_Task instructions_.
Could you print the stretch of lines below from the one with "Amazing Boeing 787 Designed Tote Bags" through the one with "Happy Birthday ram gopal varma garu", exactly as they stand and without any pictures?

Start of Entries provided

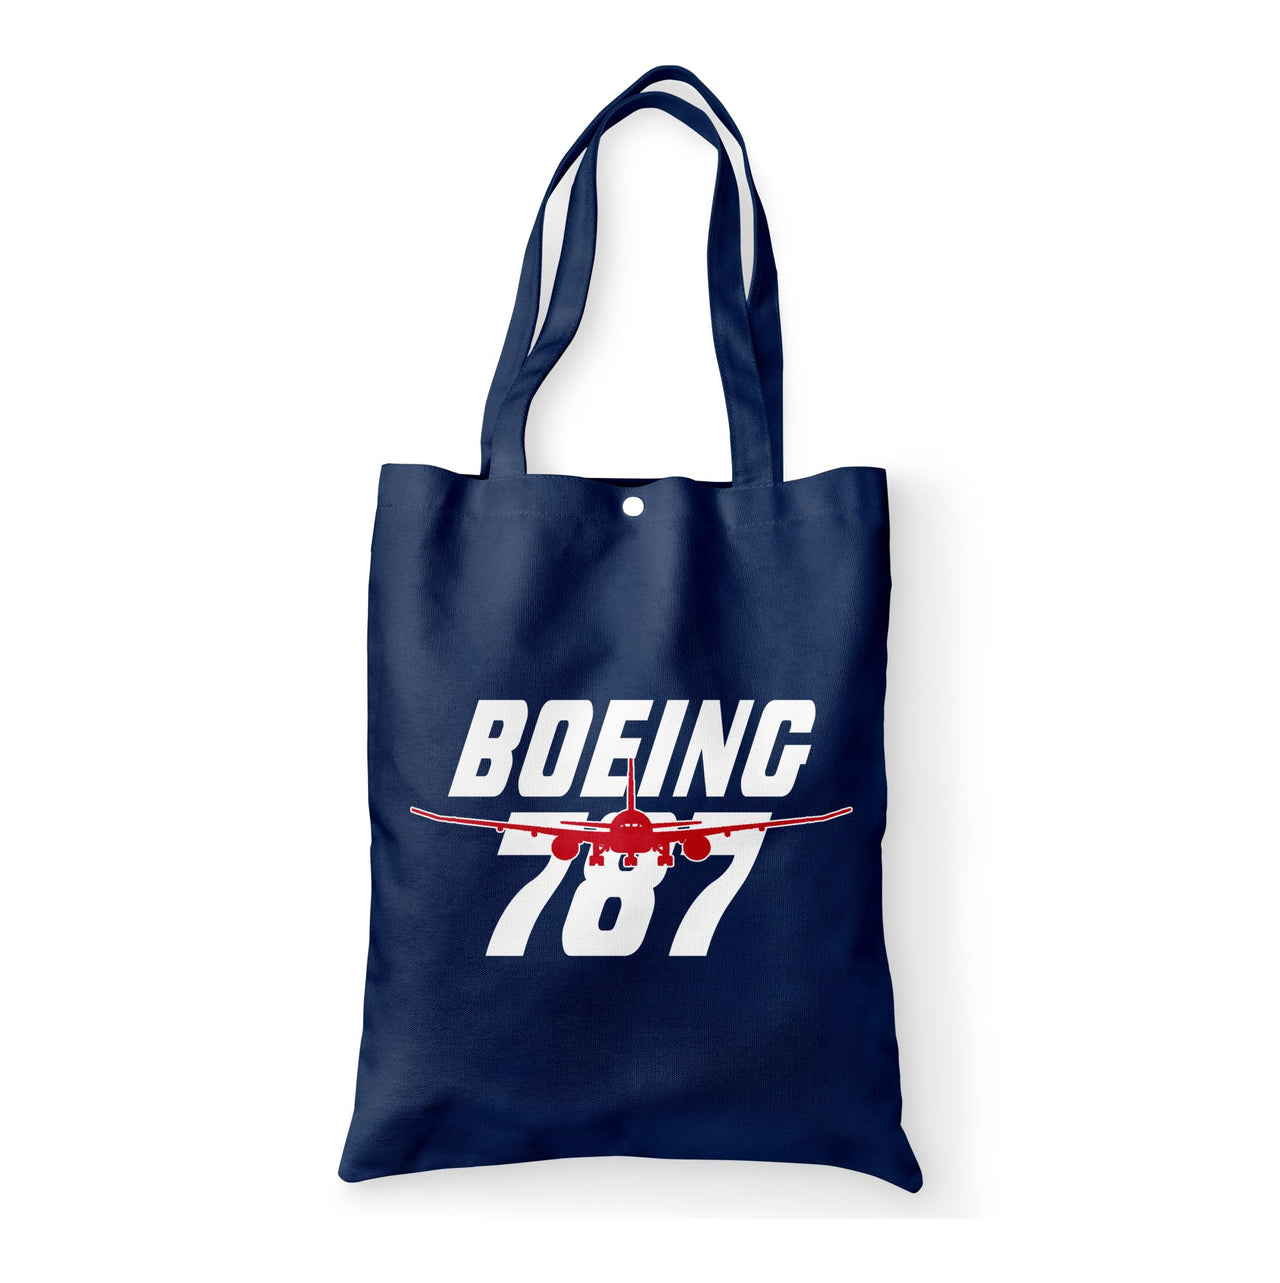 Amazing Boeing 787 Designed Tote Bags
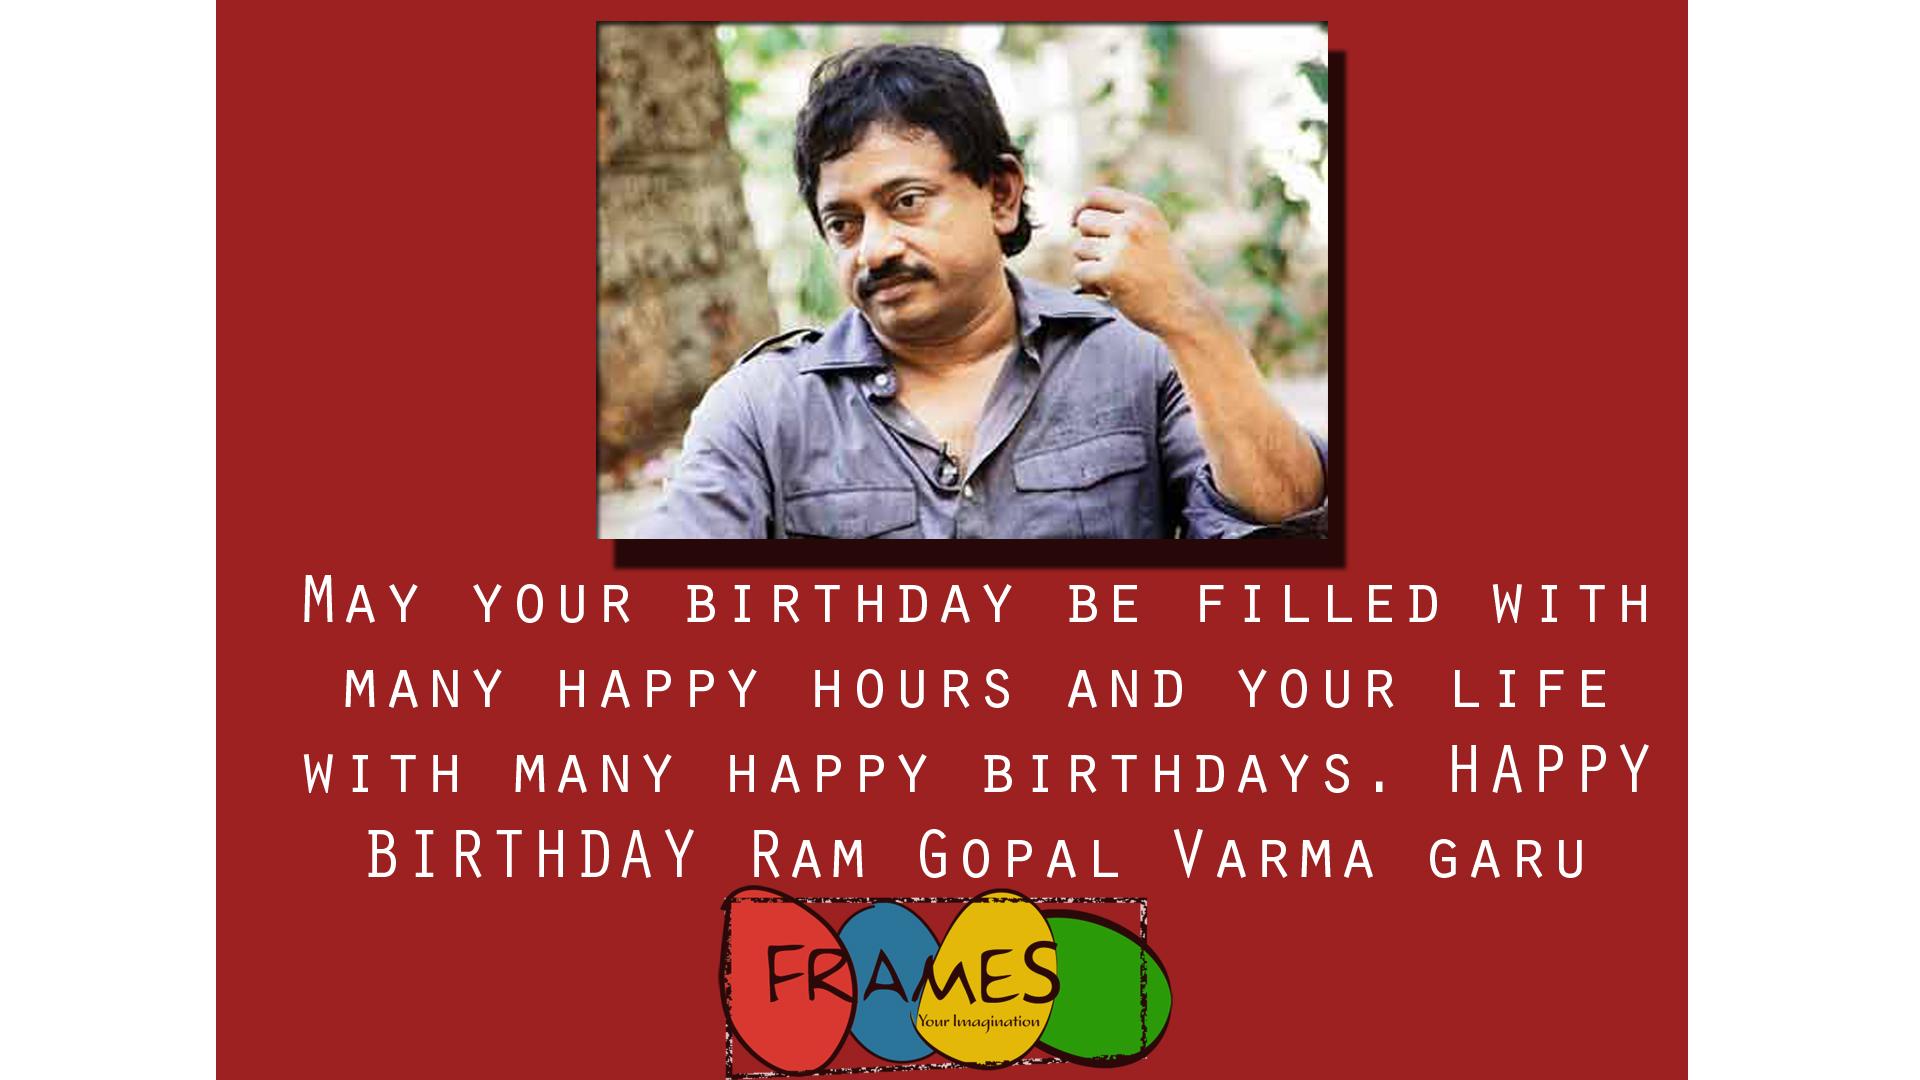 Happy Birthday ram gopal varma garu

End of Entries provided
Start of Entries provided

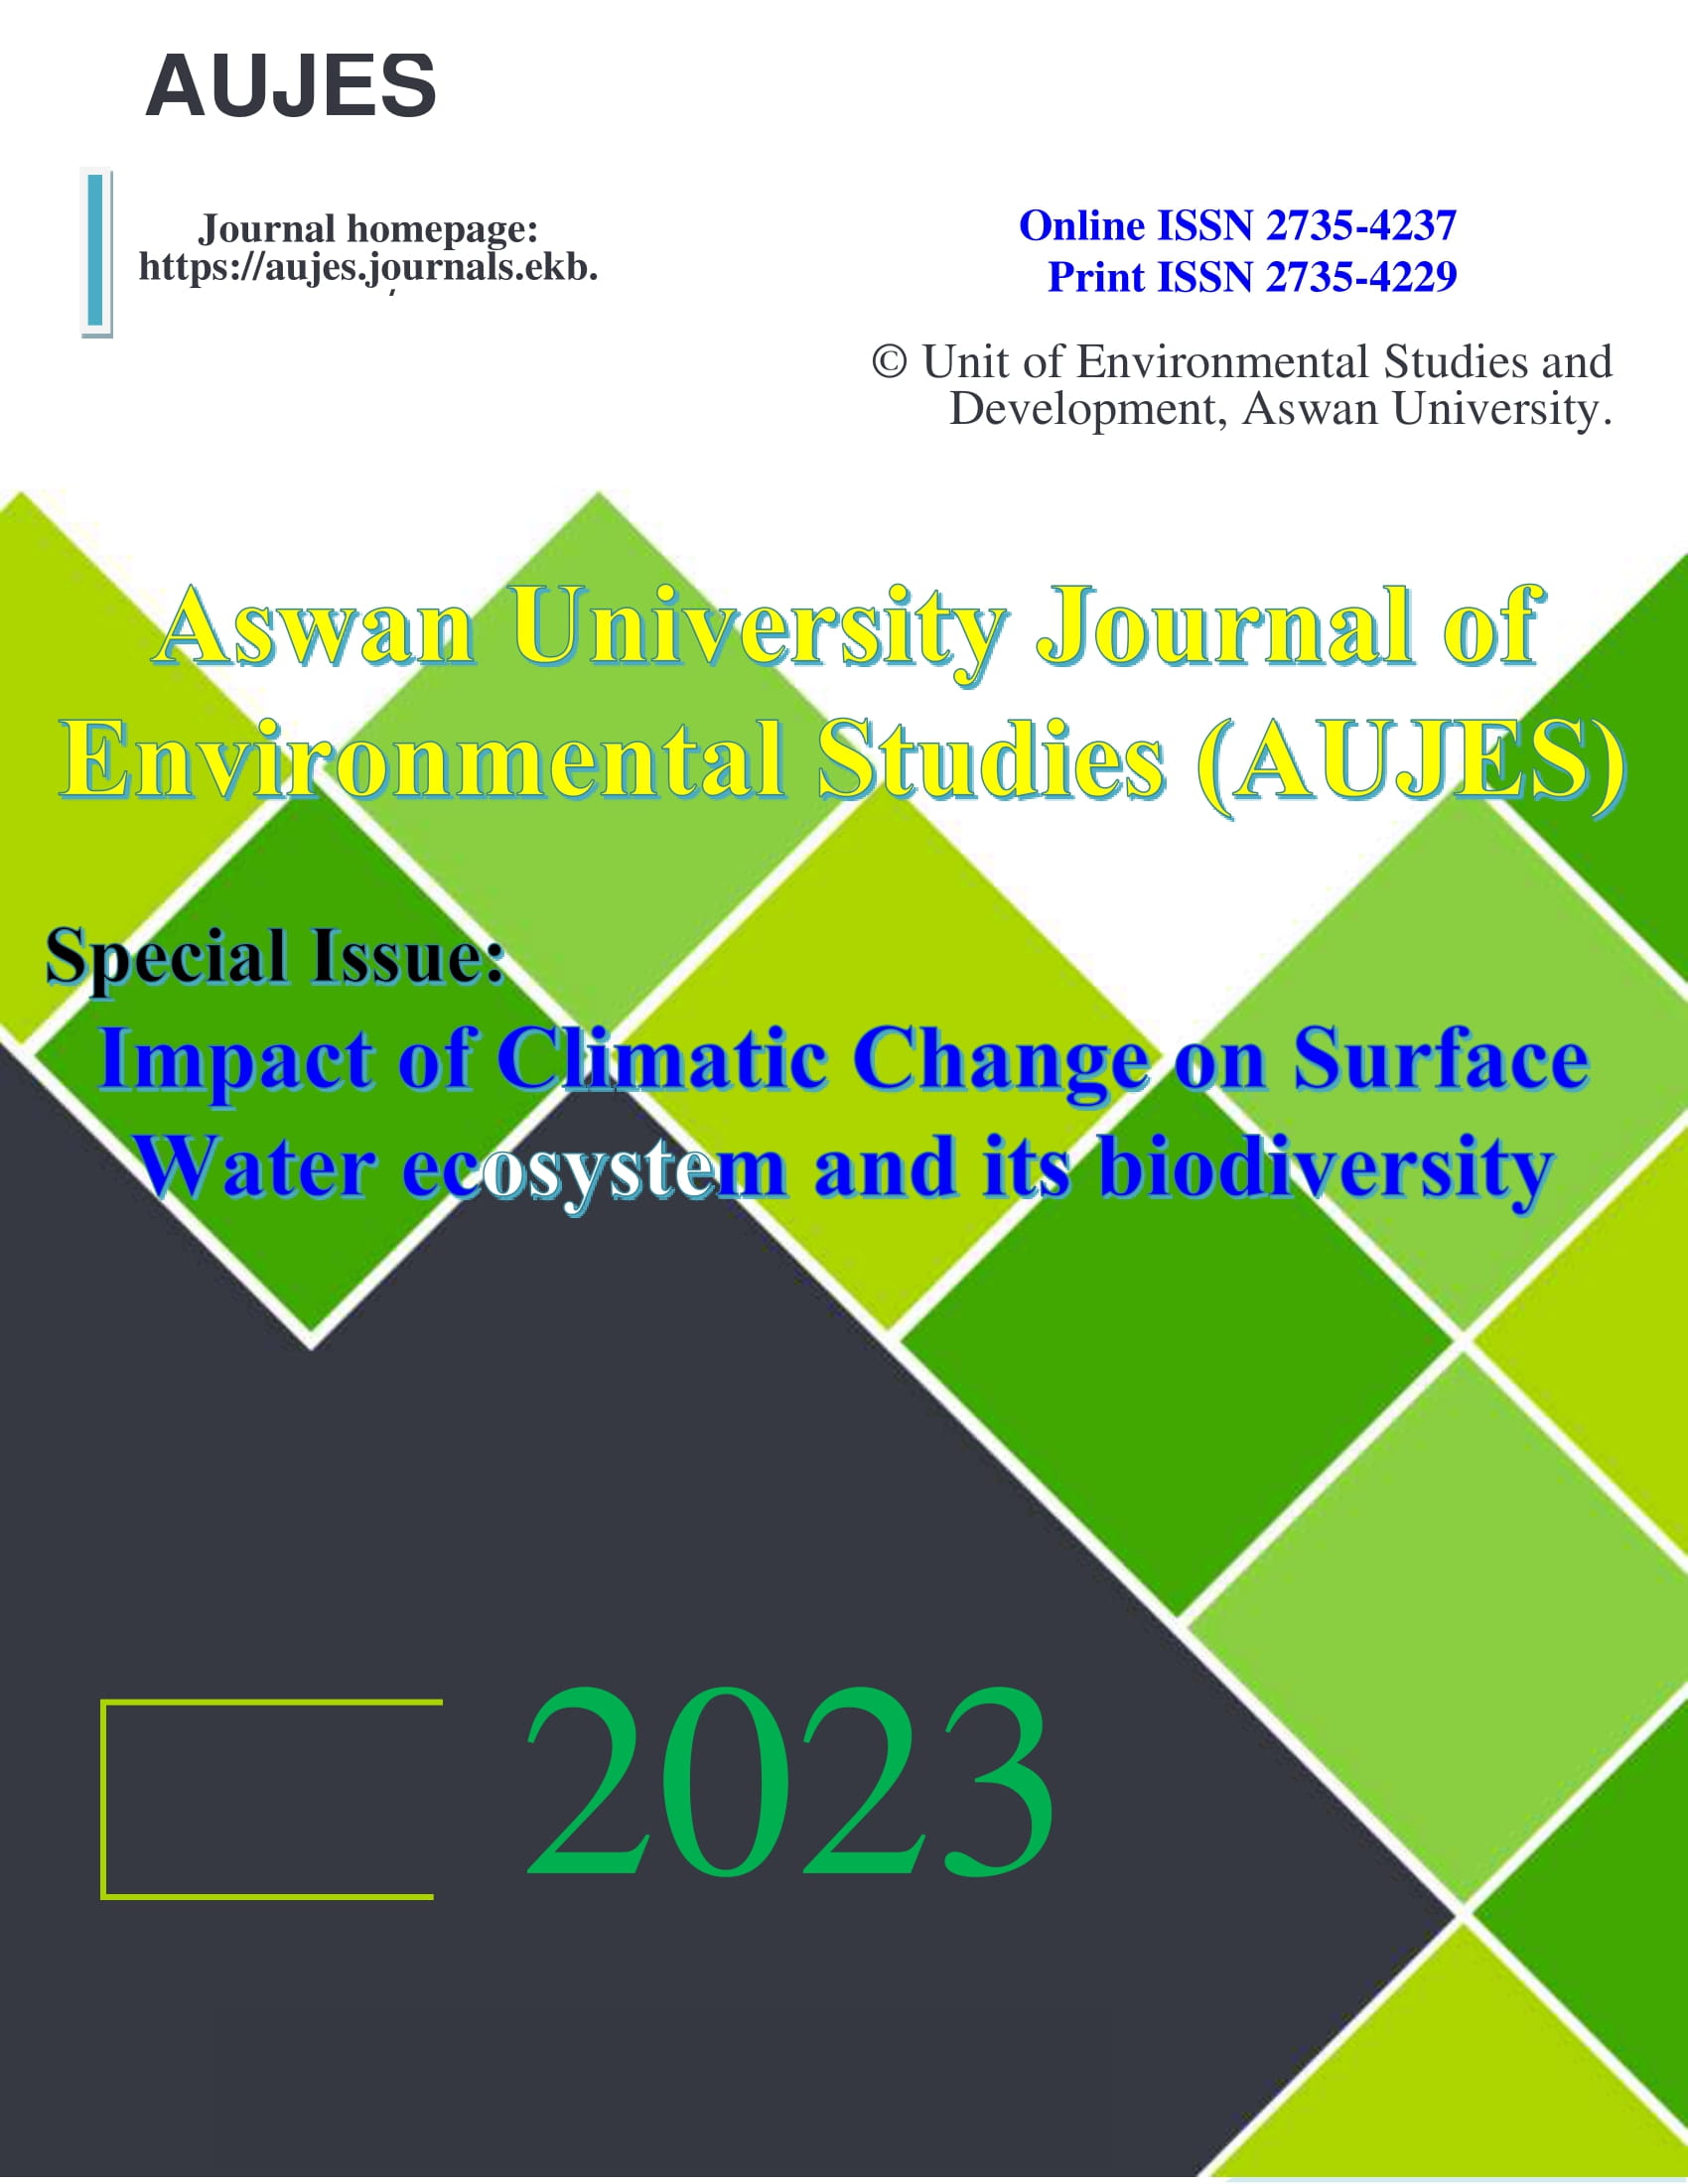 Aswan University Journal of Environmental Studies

End of Entries provided
Start of Entries provided

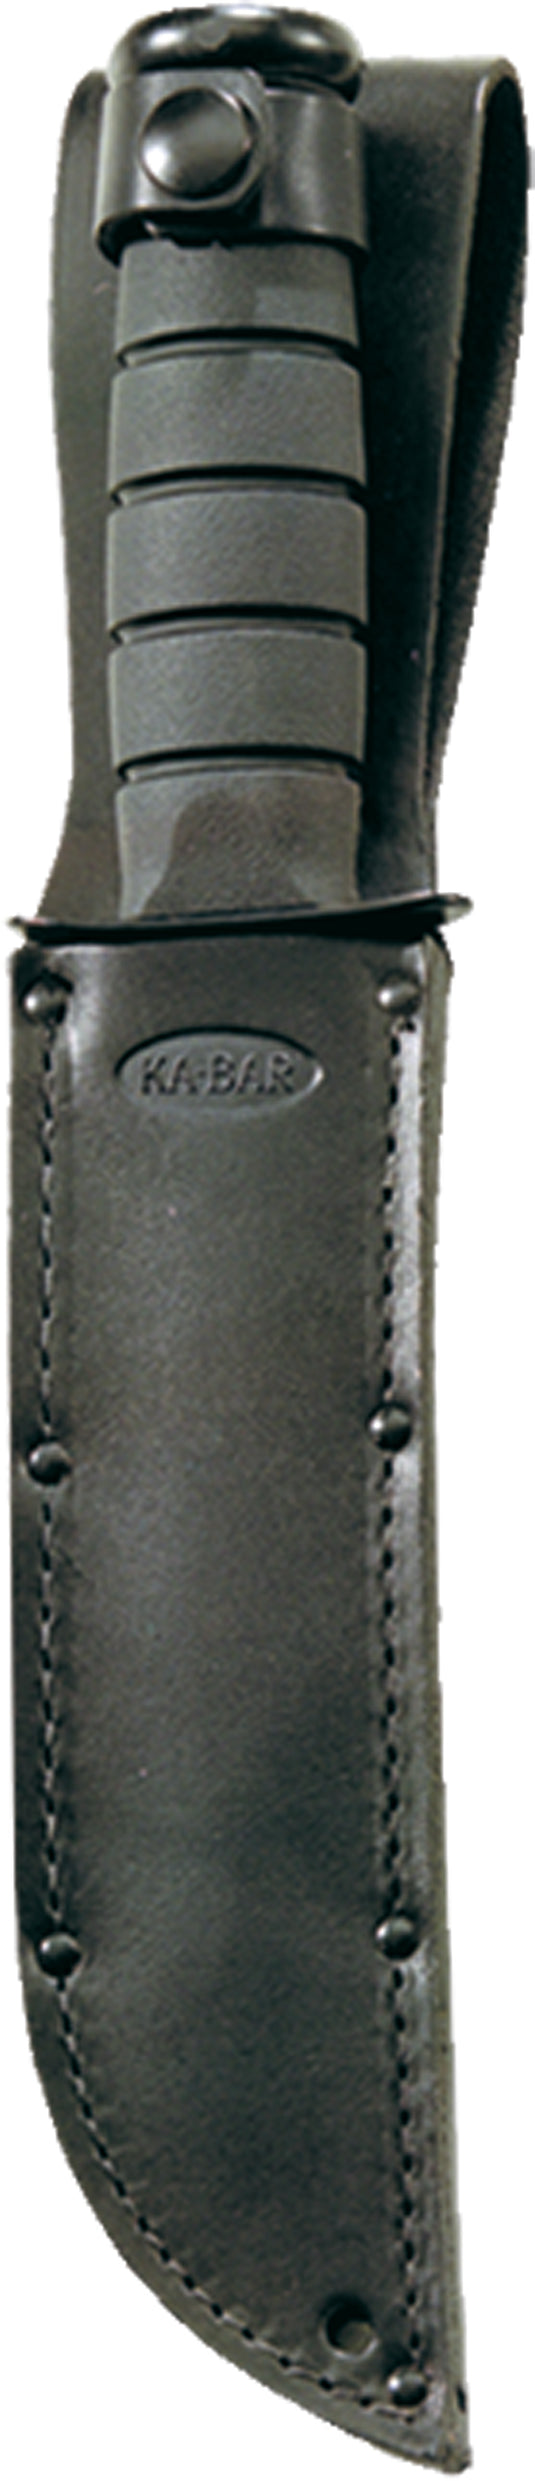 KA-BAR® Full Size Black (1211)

End of Entries provided

_Exercise response_.
 Amazing Boeing 787 Designed Tote Bags
 Happy Birthday ram gopal varma garu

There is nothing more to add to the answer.